Reviewed by Colin M. Whiting, Dumbarton Oaks, whitingc01@doaks.org
Mattias Gassman’s Worshippers of the Gods is an engaging reappraisal of the fourth-century discourse about paganism and Christianity in the West. It offers incisive new readings of individual texts and historical moments as well as a compelling overarching narrative about the ways in which authors both pagan and Christian wrote and thought about Roman religion. The purpose of the book is plainly stated: “to move beyond the theories of ‘secularity’ and Christian boundary formation to an account of fourth-century ideas on Roman religion that is grounded more firmly in contemporaries’ own portrayals of traditional cults” (13–14). Gassman is largely successful in showing how both pagans and Christians drew upon the same well of tradition in their disputations over religio, itself not a particularly controversial statement, and also how pagans and Christians influenced one another in transforming how they conceived of Roman religio itself.

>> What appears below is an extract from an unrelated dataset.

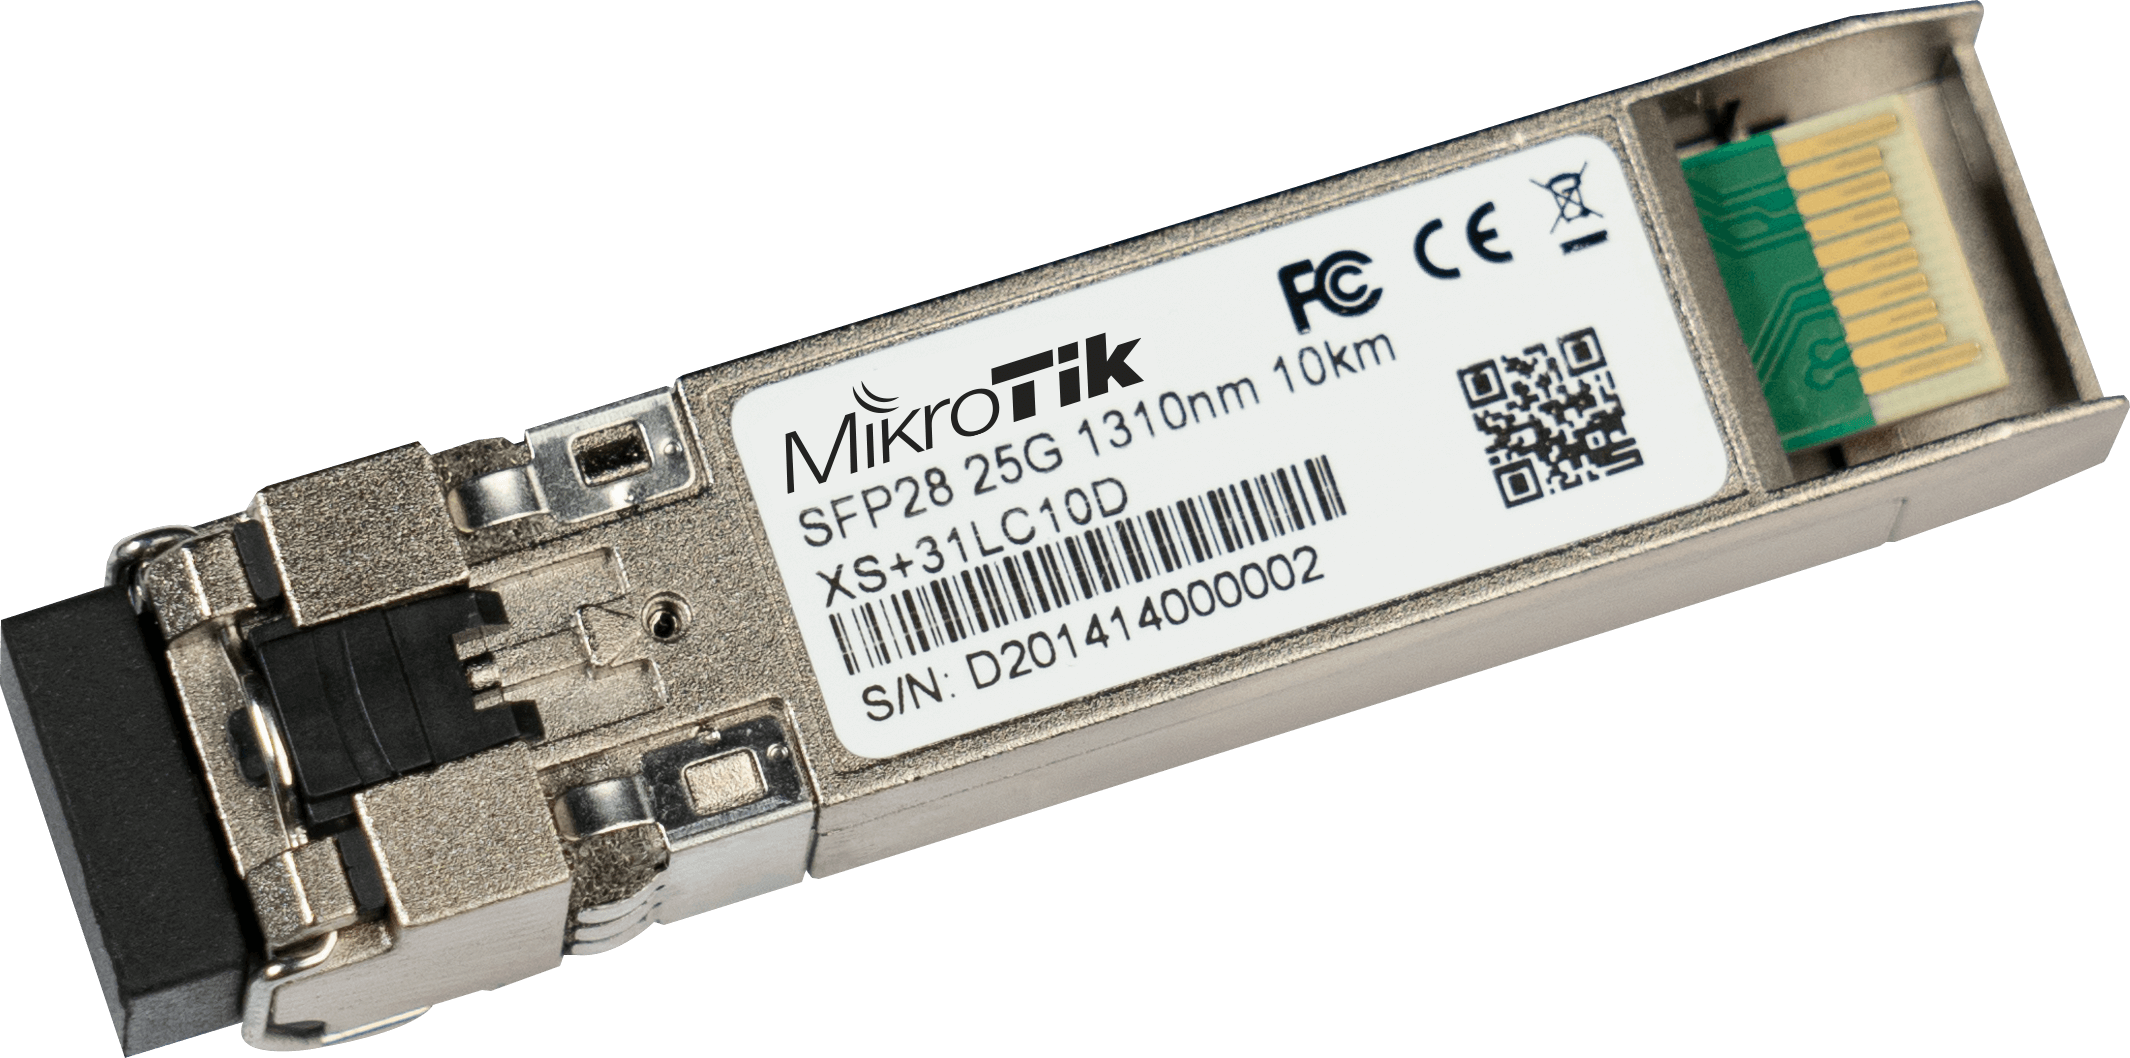 MikroTik combined 1.25G SFP, 10G SFP+ and 25G SFP28 module

The book is organized chronologically around five case studies, totaling some 177 pages. The first two chapters are very specific, focusing on individual authors; the following three are less focused on specific texts and more on bodies of texts or events. Gassman generally opens his chapters with discussions of secondary literature, but the bulk of each chapter consists of deep readings of primary sources. Following the main text itself is a 50-page bibliography, a testament to the depth of knowledge found in this relatively slim volume.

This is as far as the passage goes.